A man (Jason Mitchell) brandishing and firing a starter pistol from a hotel window in the direction of the national guard, prompts a frenzy that has the nearby police and military personnel descend on the hotel.  Caught in this ruckus are the original lead singer of The Dramatics Larry Reed (newcomer Algee Smith, carrying himself like a young Larenz Tate), his associate Fred (singer-actor Jacob Latimore), a returning Vietnam war veteran (Anthony Mackie), two white prostitutes (Hannah Moore and Kaitlyn Dever), and other tenants of the hotel’s annex.  They are rounded up, abused, and forcefully interrogated for hours by a corrupt and racist trio of Detroit officers, led by Philip Krause (Will Poulter, backed by Jack Reynor and Ben O’Toole).  Bearing witness (or is it complicity?) are Warrant Officer Roberts (Austin Hebert) and stalwart local security guard Melvin Dismukes (John Boyega).

Shot with bracing and in-your-face voyeurism by Captain Phillips cinematographer Barry Ackroyd, to say what transpired has to be seen to be believed would be as equal an unfathomable understatement as saying what happened was hard to believe.  The outlandishness hits home when the realization washes over that this is a real event.  The harrowing hours of civil atrocities are soul-rattling, drenched with distressing emotion generated by intense performances.  Star Wars star Boyega carries top-billing, but Algee Smith and Will Poulter stand out among the ensemble for conveying the yin of hope and the yang of evil.  The tension and pain, flush with period-detail in production, could not be more palatable.

For a film like Detroit with difficult content thrust upon audiences to endure, this is not a place to seek entertainment or joy.  Bigelow’s film wins sympathy easily (it better).  Instead, Detroit is a challenge of cementing respect and achieving an empathy deeper than basic sympathy.  Many recent historical dramas (take Unbroken, for example) of agonizing events dwell on the agony and fail to provide contextual roots and reverberating rumination.  Detroit succeeds in both with poetic hardship, between a deft montage of animated Jacob Lawrence “Migration” series paintings to open and an extended post-event narrative that lingers to punch further incensed body blows as strongly as the terrifying episode itself.  

In light of whatever movement you follow when you leave the movie theater, step into a beyond-cautionary tale of history that school books skipped or have forgotten.  Let Detroit stir and inspire conversations.  Let the emotions, good and bad, come and talk about them.  More positive change comes from that than silence and ignorance.

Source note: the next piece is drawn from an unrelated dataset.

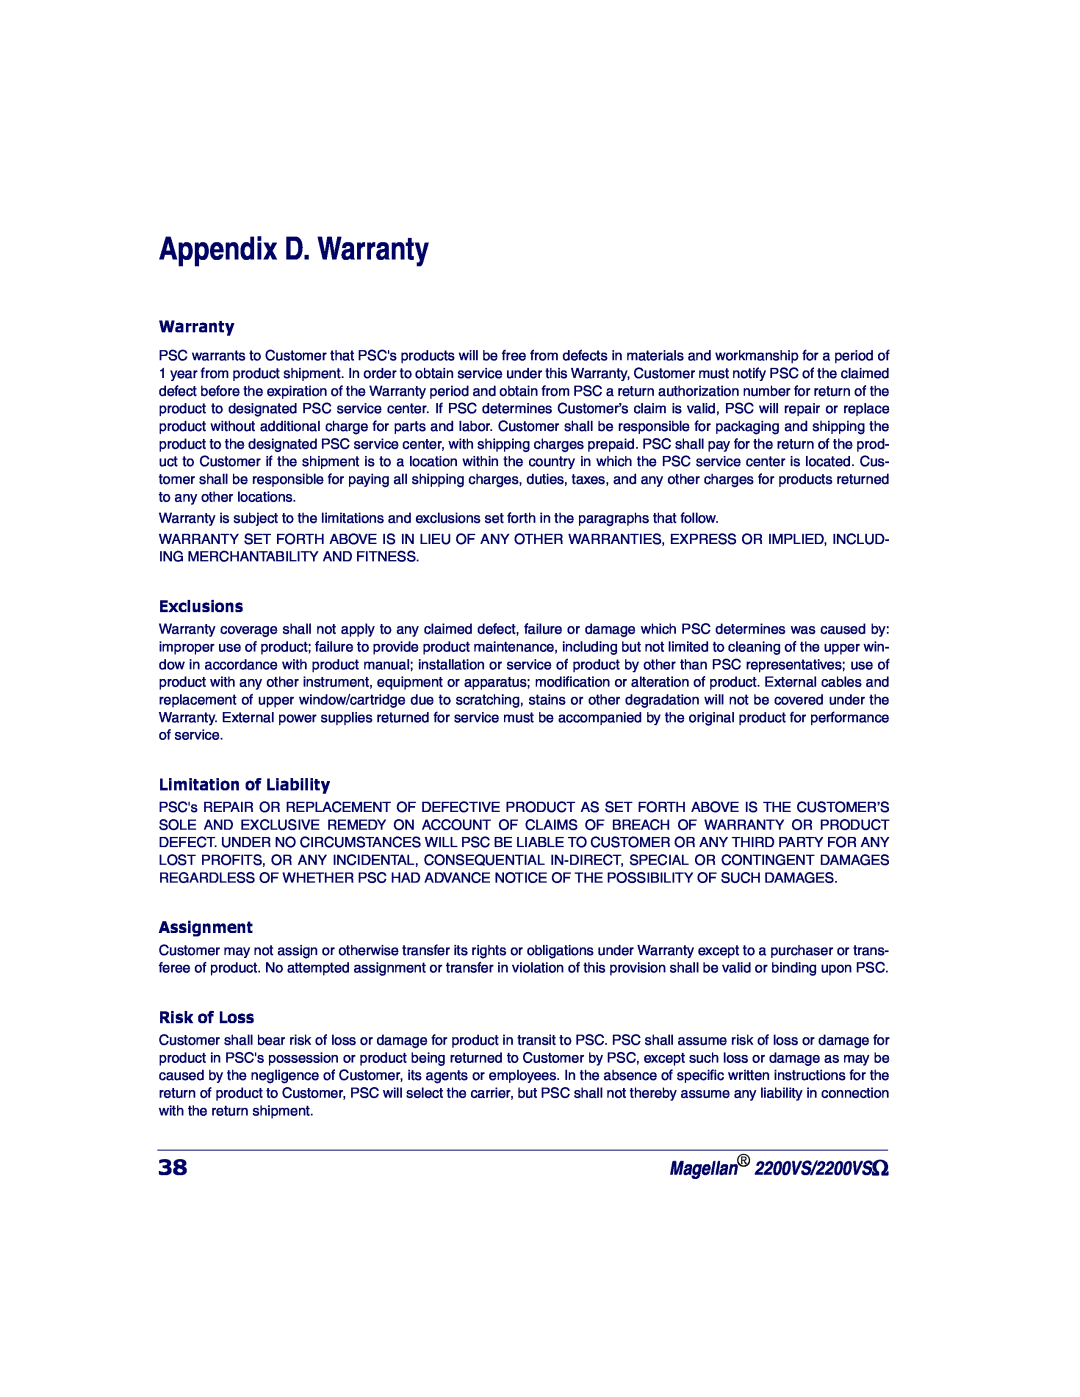 PSC manual Appendix D. Warranty, Exclusions, Limitation of Liability, Assignment, Risk of Loss, Magellan 2200VS/2200VSΩ

LESSON #1: THINK BEFORE YOU ACT-- No matter which side of the racial conflict and divide you examine in events like Detroit, so many fallen dominoes could have been avoided with mere seconds given to thought over those given to gross overreaction.  Look and listen before you shoot a gun.  Don’t shoot or pretend to shoot people carrying guns.  Choose your words better.  Look past the color of a person’s skin.  Ask yourself if who or what you are provoking is worth the danger and risks.  Realize the damage you cause can hurt others and your own community.  Remember what you stand for and what you represent, from a working citizen all the way on up to a man with a badge or an elected official.

LESSON #2: THE PROBLEMS OF RACE AND JUSTICE WE FACE ARE SYSTEMIC-- Amid those pleas of making better choices from Lesson #1, finger-pointing or biased prioritizing can come in and deter from finding the real causes within a mess of embroiled issues.  The problem isn’t one thing, be that police criminality, racism, socioeconomic inequality, or loopholes of court corruption, or a simple isolated event or two.  This is more than the 50 years since 1967.  It’s 241 years and then some.  It’s all of it, which points to the broken fibers and the fractured core of what is supposed to be a free and equal democratic system of governed rights.  Systems fail people to a greater degree than singular problems, meaning larger corrections and reforms are needed, and it goes all the way to the top.